◆ **TASK DIRECTIONS**:
In the copy, keep every word of the data below and none of its pictures.

◆ **SOURCE MATERIAL**:
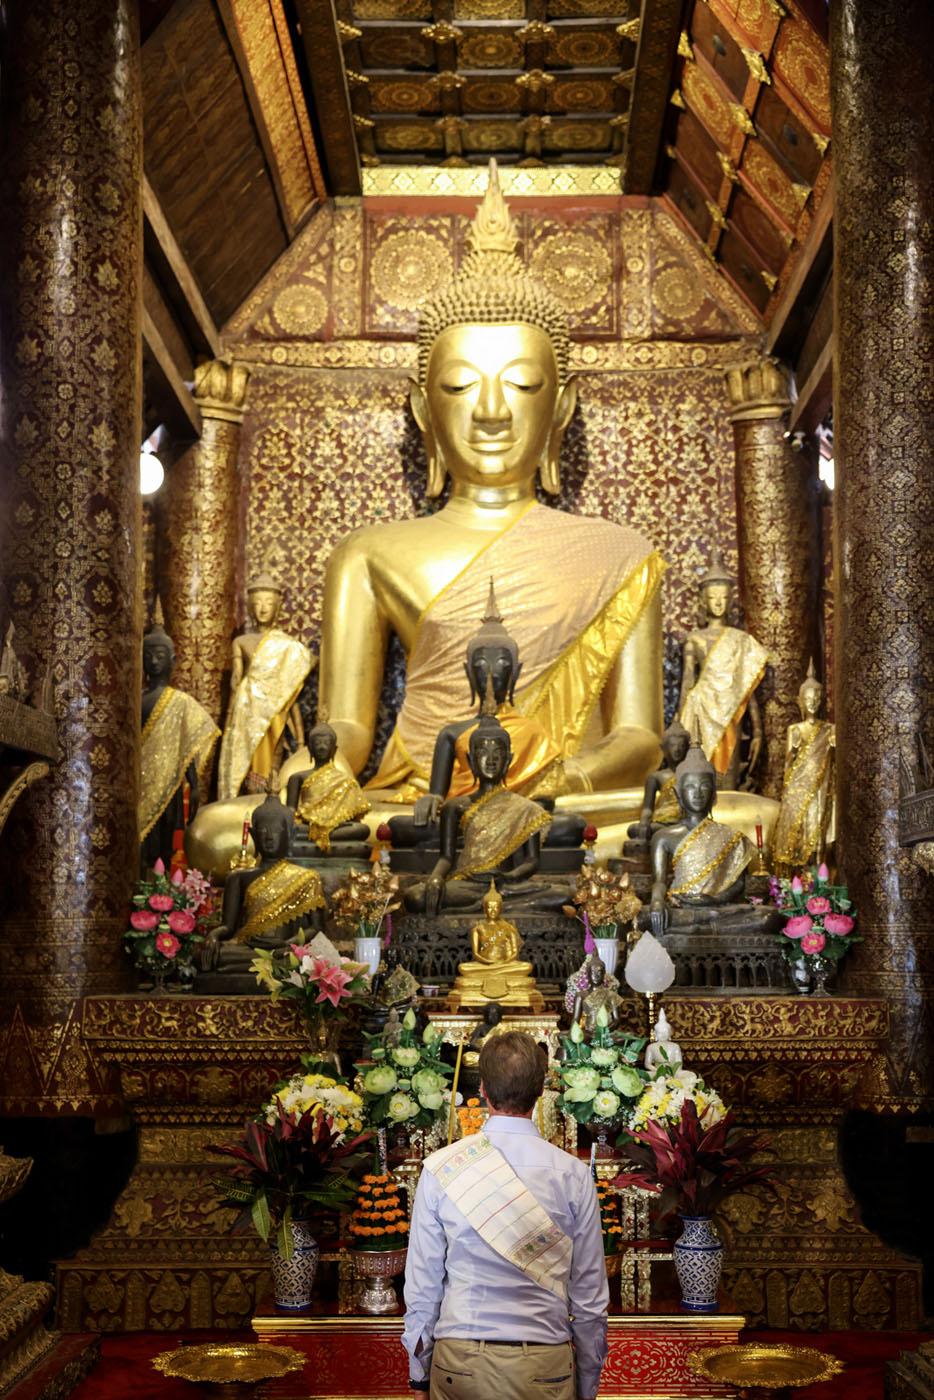 Le Grand-Duc devant une statue de Bouddha
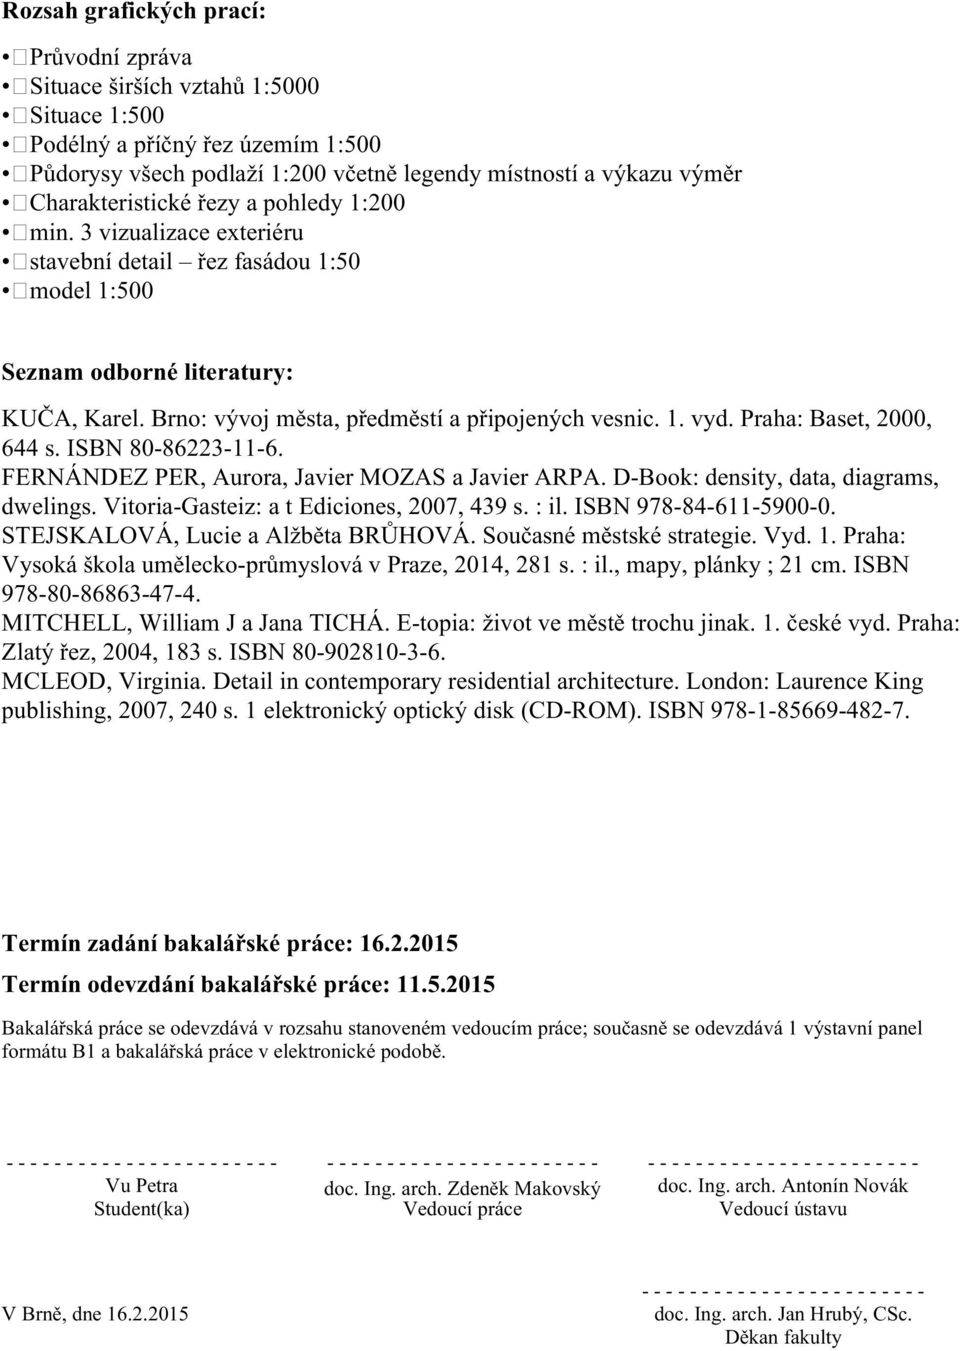 Brno: vývoj města, předměstí a připojených vesnic. 1. vyd. Praha: Baset, 2000, 644 s. ISBN 80-86223-11-6. FERNÁNDEZ PER, Aurora, Javier MOZAS a Javier ARPA. D-Book: density, data, diagrams, dwelings.
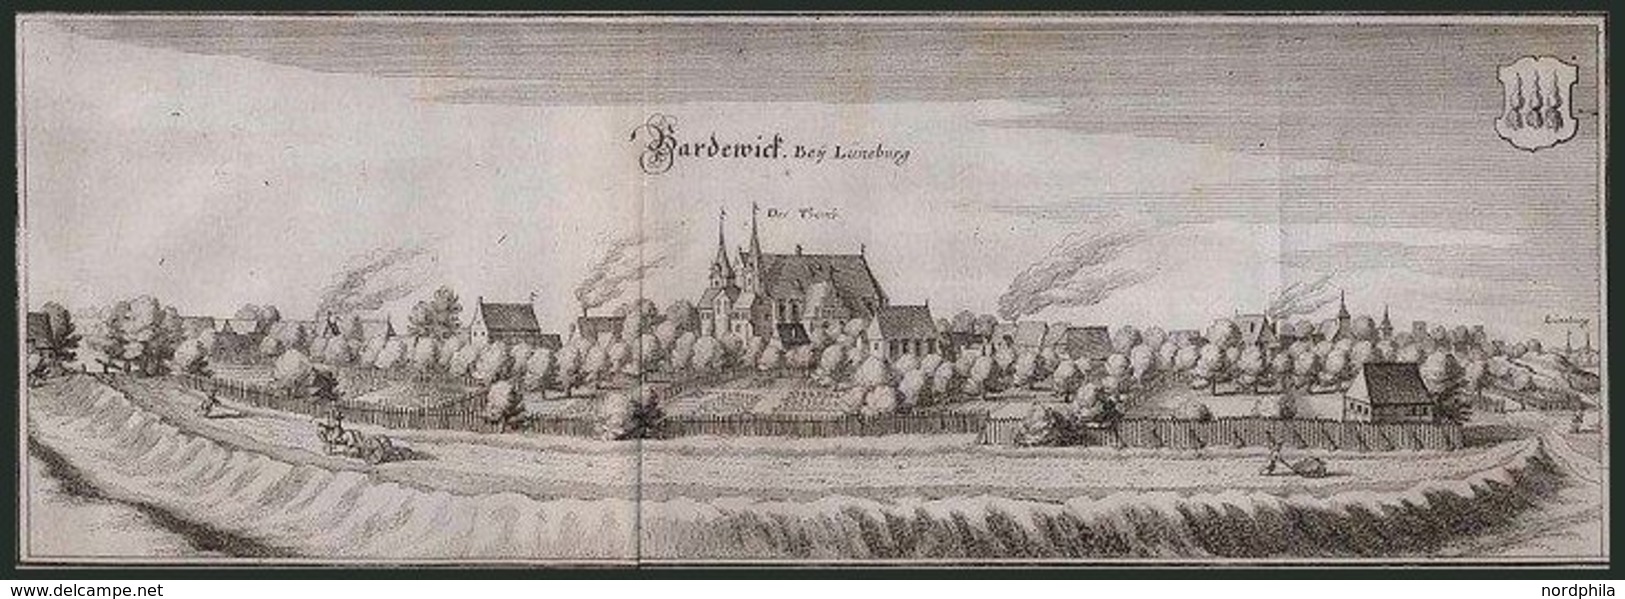 BARDEWIK Bei Lüneburg, Gesamtansicht, Kupferstich Von Merian Um 1645 - Litografia
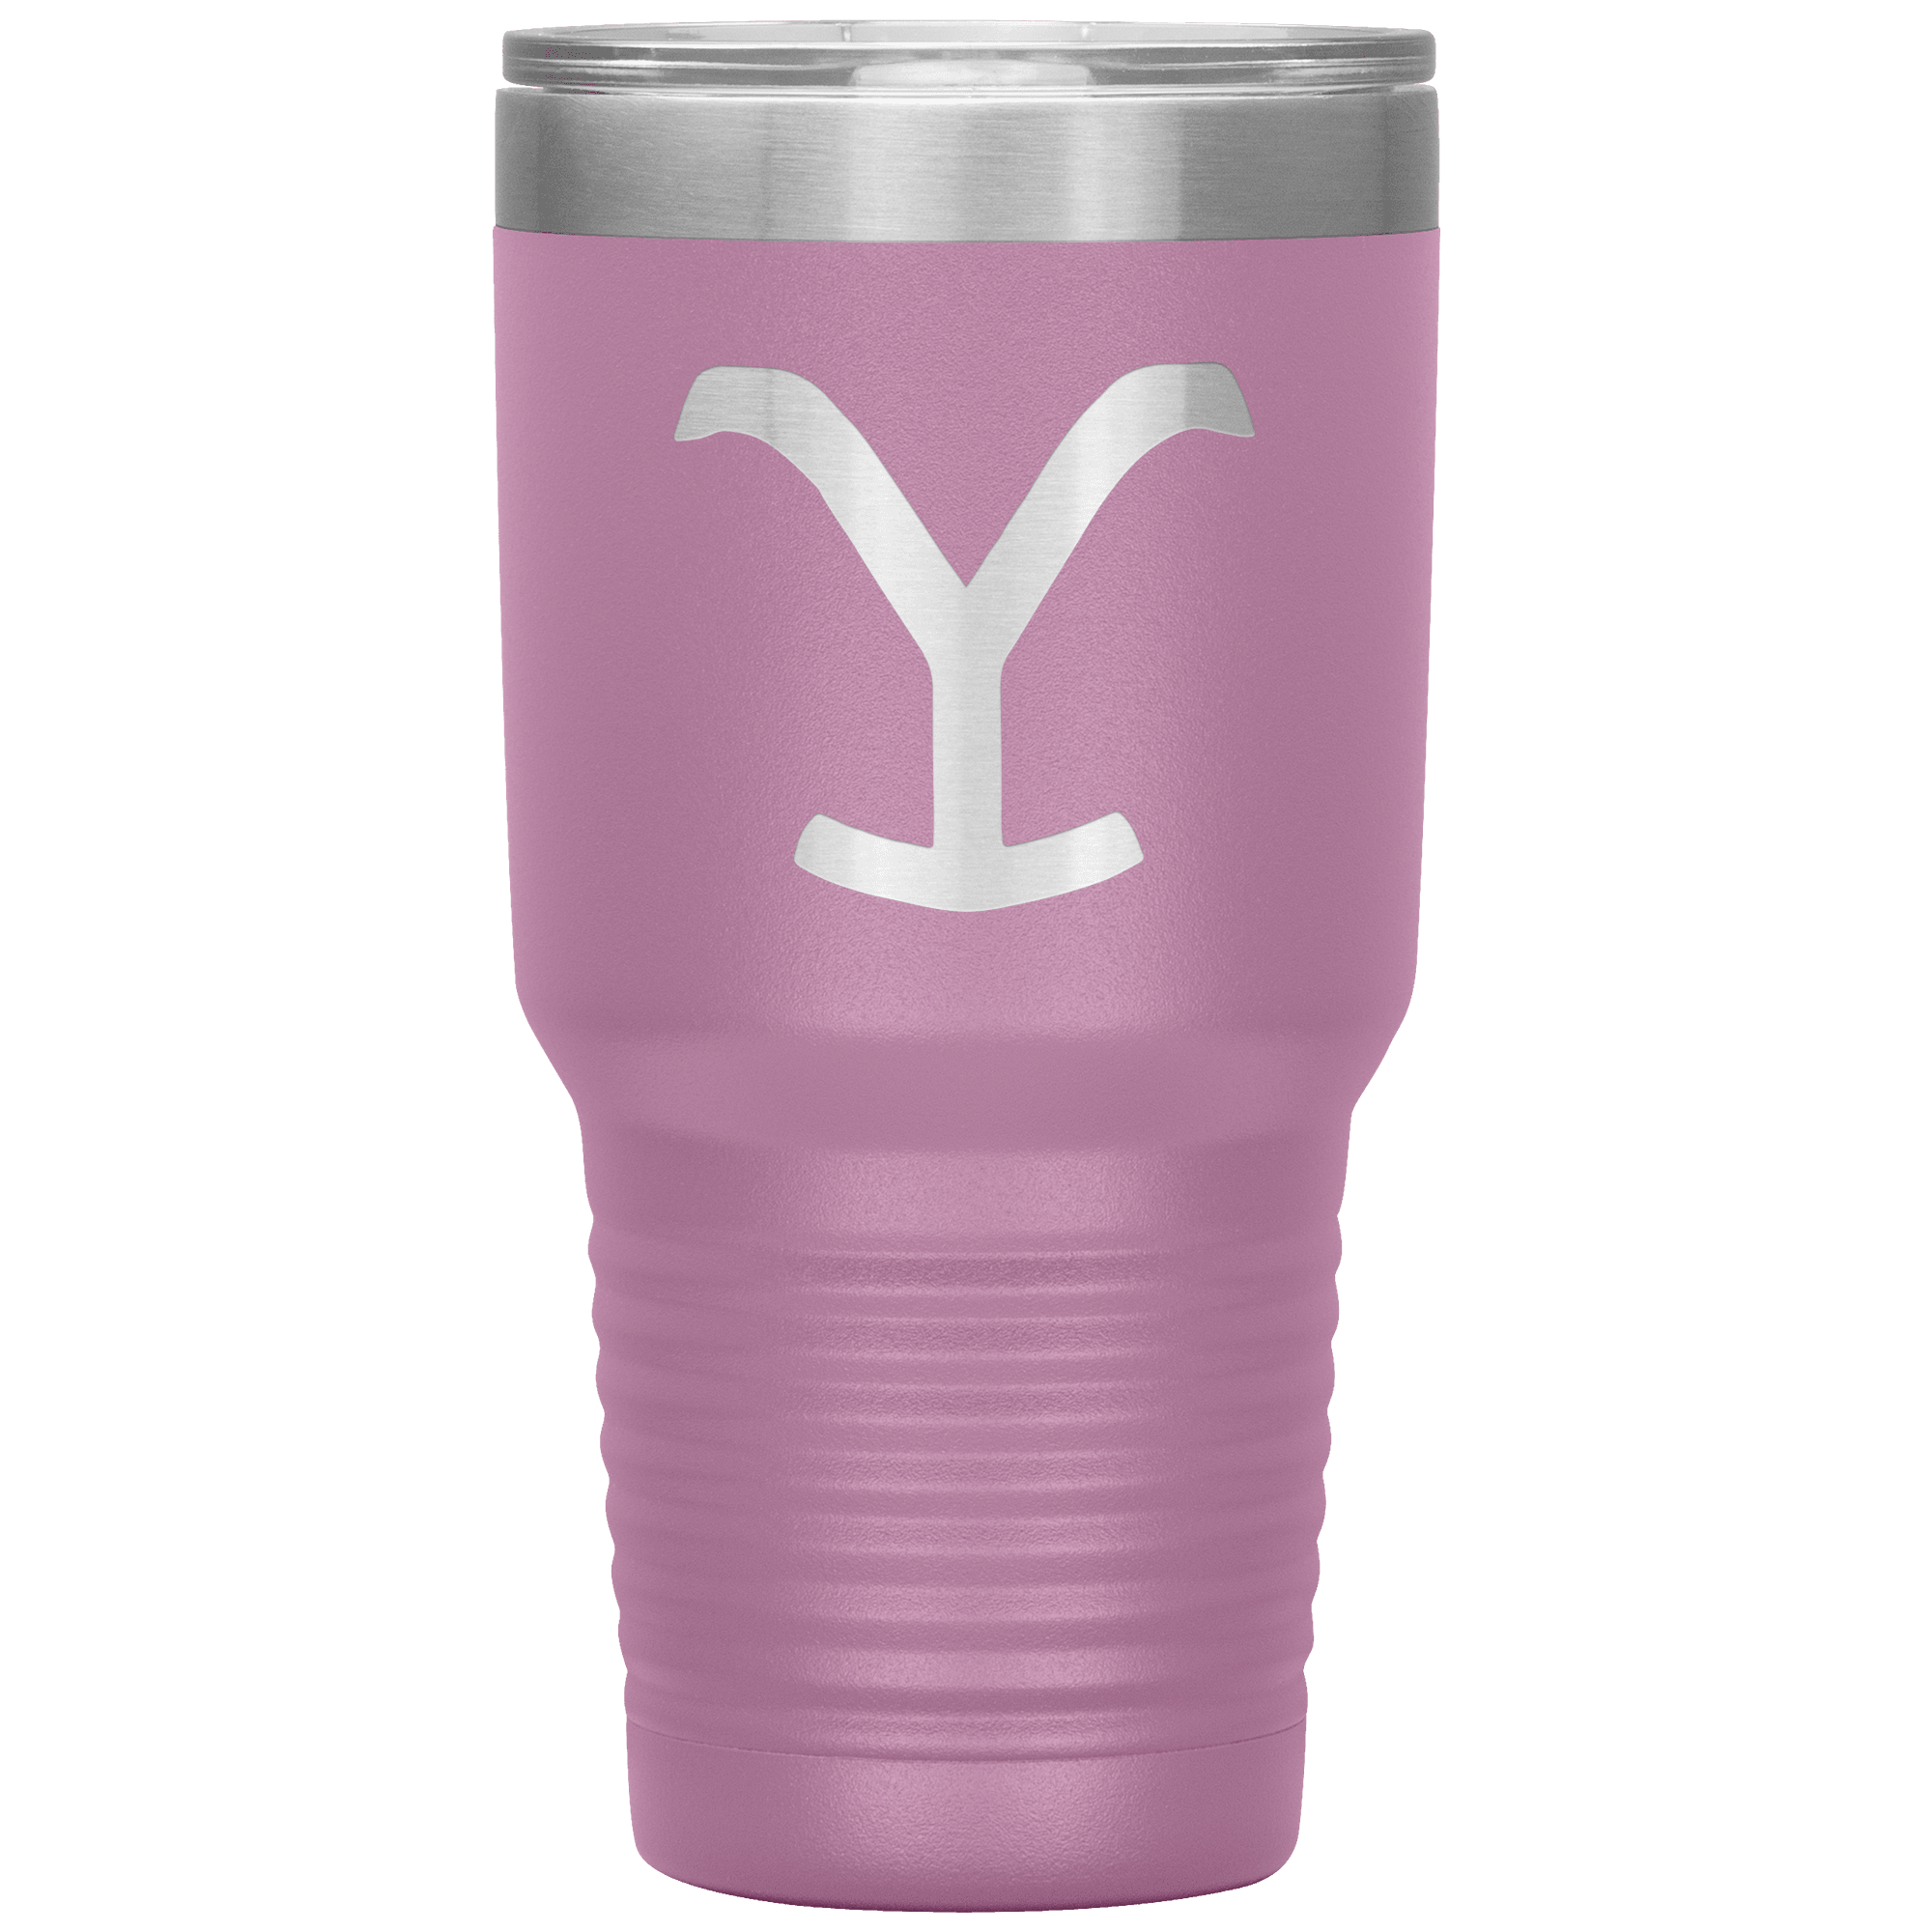 Yeti Rambler 30 oz Tumbler (Light Pink)
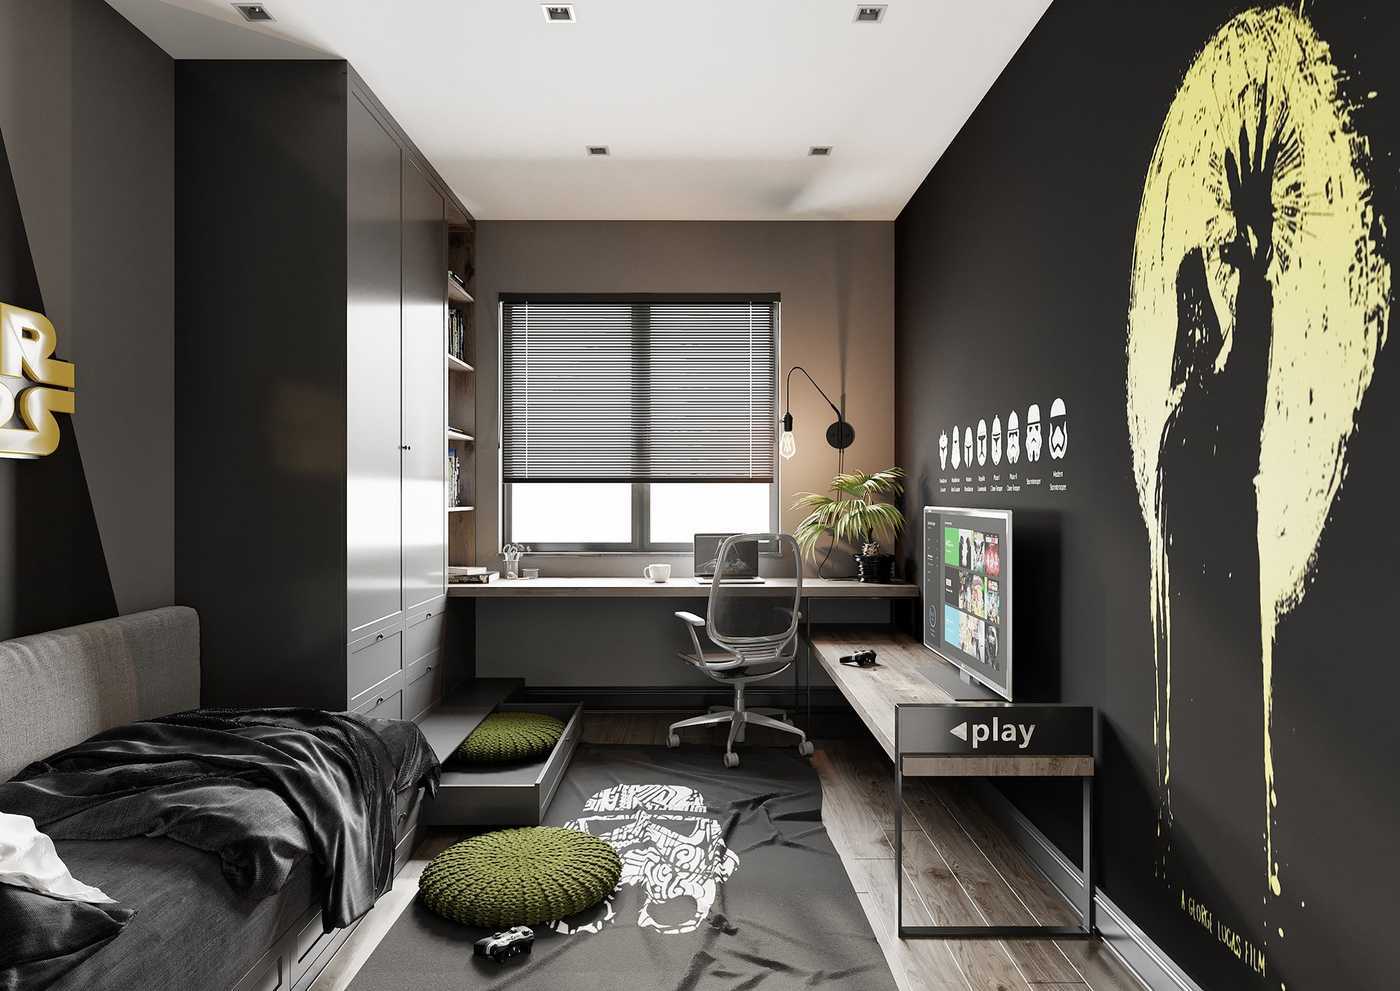 Комната для компьютерных игр, тема Дарта Вейдера, чёрная стена

◆ **TASK RESPONSE**:
 Le Grand-Duc devant une statue de Bouddha
 Brno: vývoj města, předměstí a připojených vesnic. 1. vyd. Praha: Baset, 2000, 644 s. ISBN 80-86223-11-6. FERNÁNDEZ PER, Aurora, Javier MOZAS a Javier ARPA. D-Book: density, data, diagrams, dwelings.
 BARDEWIK Bei Lüneburg, Gesamtansicht, Kupferstich Von Merian Um 1645 - Litografia
 Yeti Rambler 30 oz Tumbler (Light Pink)
 Комната для компьютерных игр, тема Дарта Вейдера, чёрная стена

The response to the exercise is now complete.